Each year over 8,000 Australians suffer from malignant pleural effusion (MPE), including 1 in 4 lung and breast cancer patients and up to 90% of those with malignant mesothelioma. Survival is poor, readmission to hospital is common and symptom burden is high. Breathlessness is the major symptom, causing functional debility and frequently impairs quality-of-life (QoL) resulting in hospital admissions. Management of MPE is fragmented, variable and commonly involves multiple specialties. The overarching goal of MPE management is to achieve symptom relief with minimal intervention and without lengthy hospitalization.

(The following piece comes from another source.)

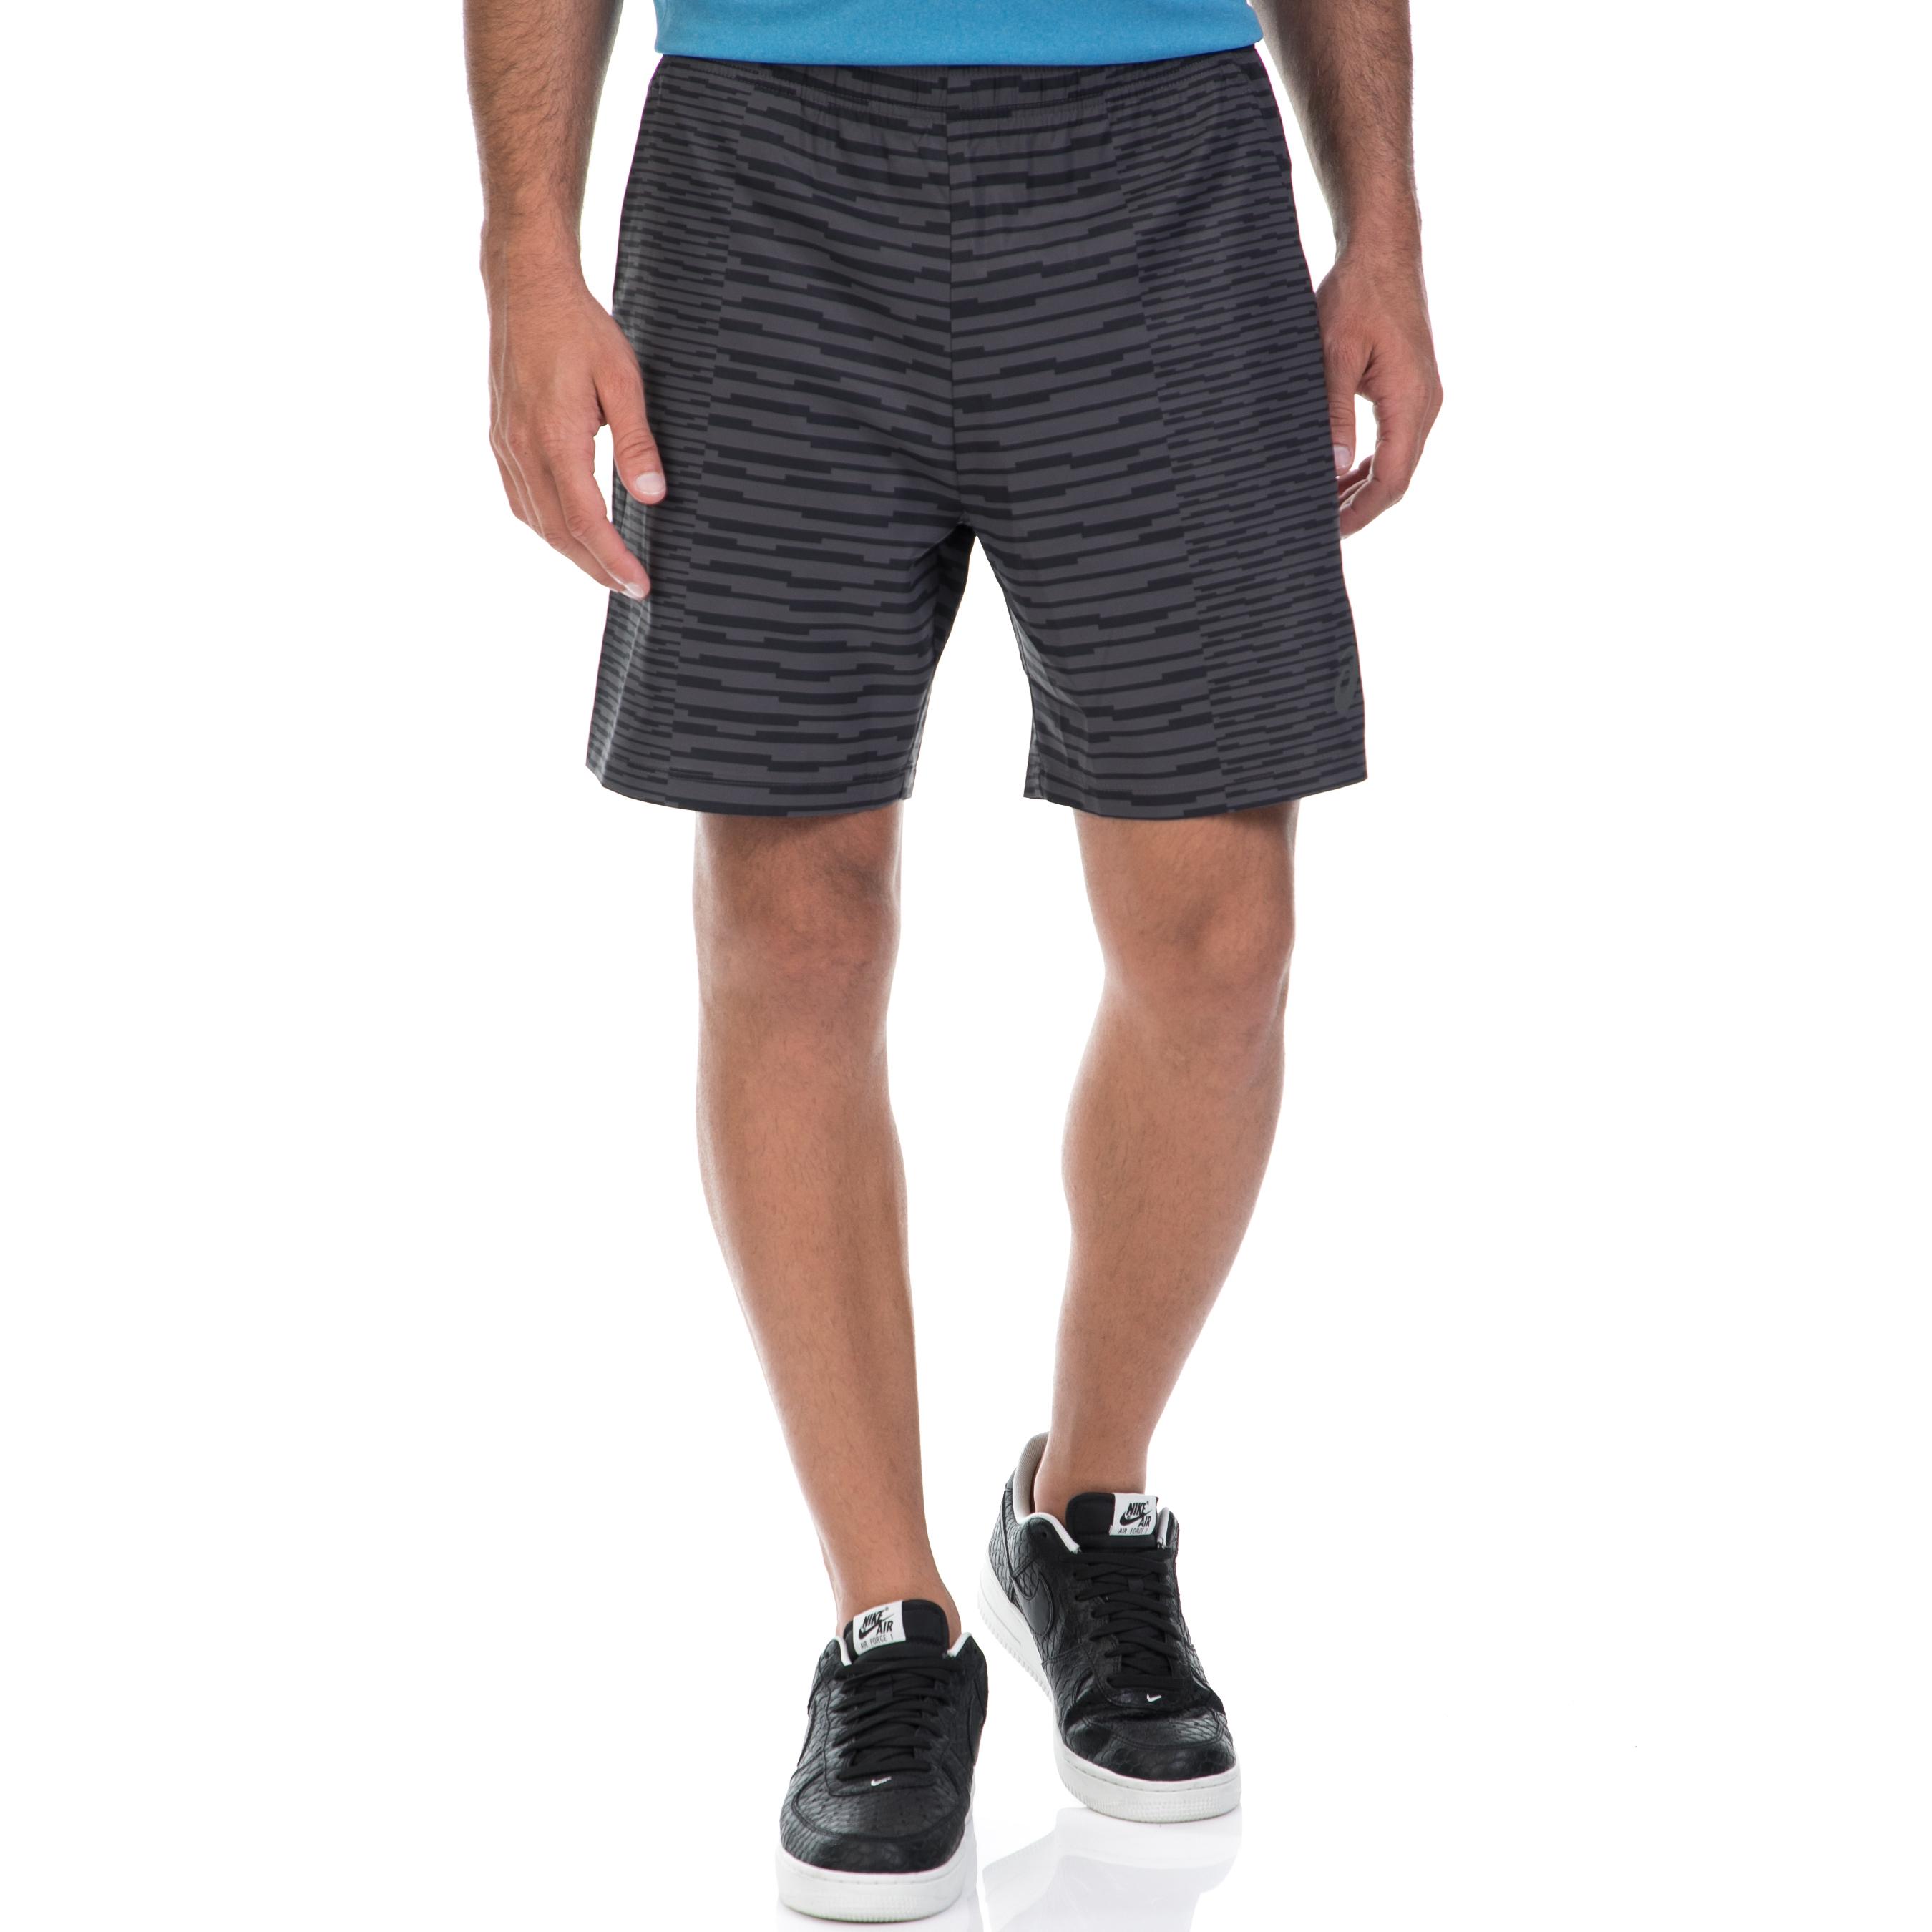 ASICS - ΑΘΛΗΤΙΚΟ ΣΟΡΤΣ ASICS USEX PRINTED ανδρικά ρούχα σορτς βερμούδες αθλητικά

The Pleura Medicine unit at Sir Charles Gairdner Hospital proposes the development of a user-friendly smart phone/mobile application to facilitate the early identification of symptoms deterioration in patients with MPE via patient symptom monitoring, activity levels and self-reported patient-related outcome measures (breathlessness and quality of life). The application would then initiate the MPE self-management plan as well as an alert to the health care provider (the pleural service) for an early clinical review.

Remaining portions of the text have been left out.